That said I’m also here to provide my 50cents about the statement of having to be in the 90%+ ballpark to even see usage. And in my opinion you’re a little in the wrong about that - it will also be a lost war as well as a gate to always use a cloud based STT like amazon, google and so on.
What you need is a way to handle inputs below a certain wanted confidence threshold (would be great if the user could set it).
Why not let Mycroft respond: I didn’t understand you perfectly - did you mean “…”? and use that info to train the system.
Personally I’m totally fine with confidence levels of around 80%. It works absolutely great for me - with just 20 minutes of training it recognizes what I’m saying with a confidence of 80-93% mostly). Keep in mind that I’m not even a native speaker. Native speakers would see an even better experience I’m sure.

Also about that proxy thing for google SST
You’re talking about how that will break the connection. Is that guaranteed?
As in you’re mentioning it’s not user based - what about device identifiers?
How how will you cover the usage costs? From what I’ve read it costs (a lot) https://cloud.google.com/speech/
How can you be sure google SST can’t identify by usage patter, voice and context?

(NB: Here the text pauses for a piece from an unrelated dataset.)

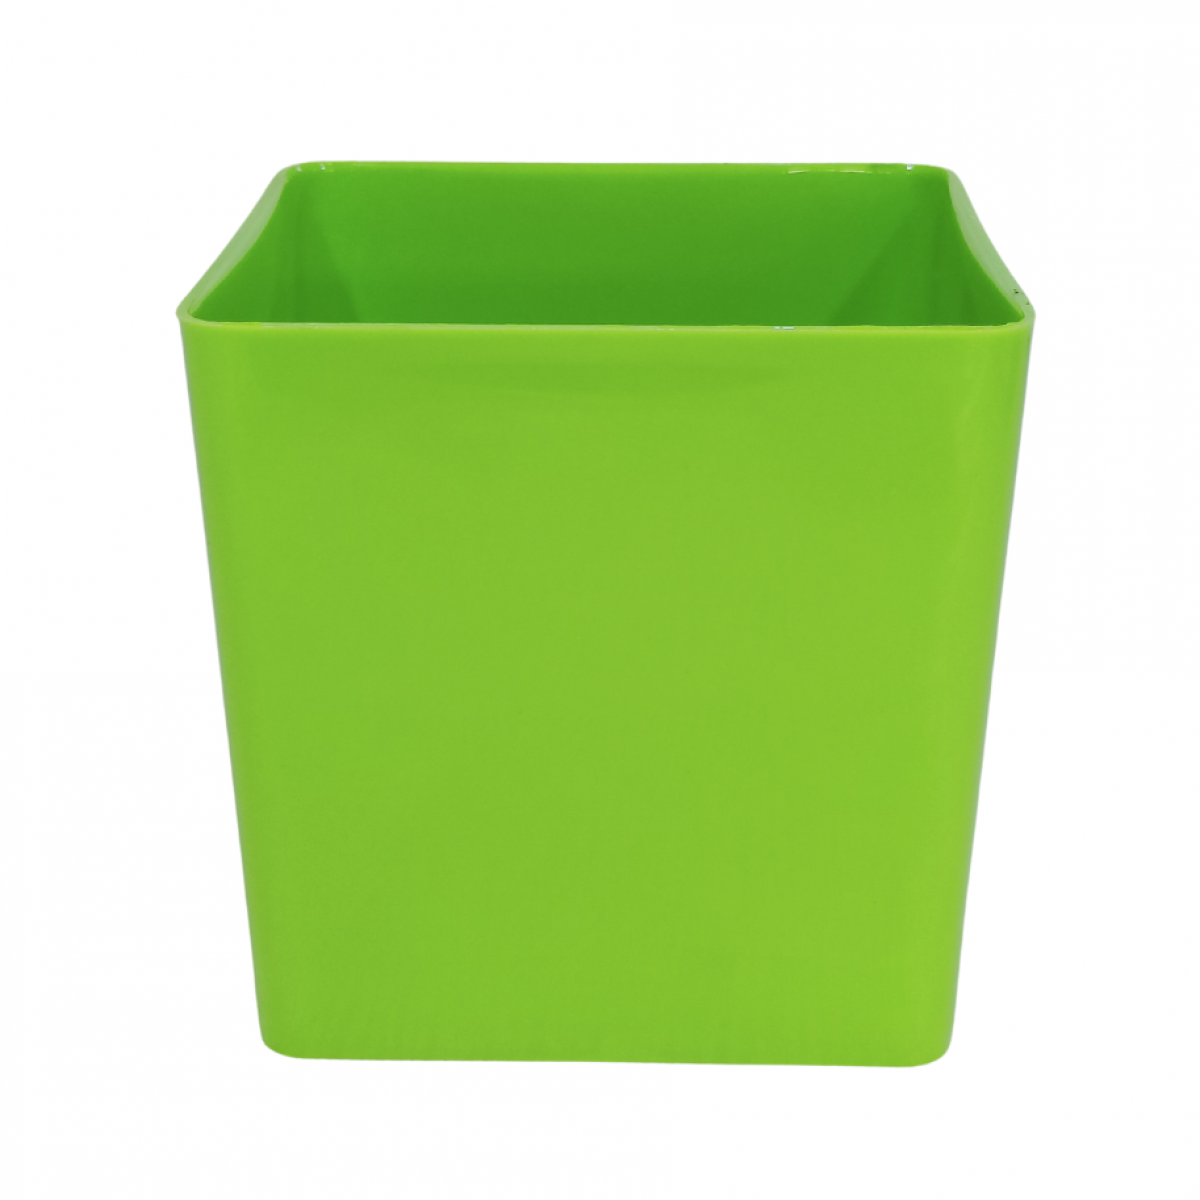 5153 Cube Lime Green 13x13x13cm Acrylic Vase - 1 No

I’m genuinely interested in buying a Mark II (because of the array) device but all this talk about using google/amazon or other cloud SST provides makes me question it in terms of protecting my privacy.

I agree with Michael, closed source back end makes the entire project effectively close source. Saying “if a user works hard they could x” is just the same as saying the could write everything themselves.

Remember, these ‘ai’s’ have a huge trust hurdle to cross, if your shipping my 5 year olds speech out somewhere live, or my bedroom conversation is leaving my house, YOU have an issue…trust is not given, its earned, open source earns that trust, ANY closed/hidden bit blows trust away.

We understand.

Mycroft is modular, so you’re able to swap out the default for any Speech to Text engine you prefer, for instace you could build one locally then swap that in.

We’re currently in talks with Mozilla to integrate their DeepSpeech product, which we’re pretty excited about.

Kind regards,
Kathy

Please provide instructions for how to swap out modular pieces, I can’t find how to do that.

More specifically, I have explicit, separate versions of Sphinx/PocketSphinx as well as DeepSpeech running locally and would like to use/try them instead of the server system.

Sure.

Most of the modular configuration is done through your home.mycroft.ai account. At the moment, we provide configuration options for STT and TTS, not for Wake Word (ie PocketSphinx). We don’t yet have a DeepSpeech option available to select.

If you want to do more granular configuration, you would need to do this in your mycroft.conf file:

Kind regards,
Kathy

Thanks Kathy!

I am mainly concerned with bringing services back to my own servers. Mycroft speech recognition seems to work quite well, but if I understand correctly, it is not available to run locally. Hence the discussion about the level of “open source”-ness.

From the descriptions you sent, I can’t see how to do the cloud vs. local switching for particular parts.

Actually, my favorite option would be to just run all of mycroft on my own server.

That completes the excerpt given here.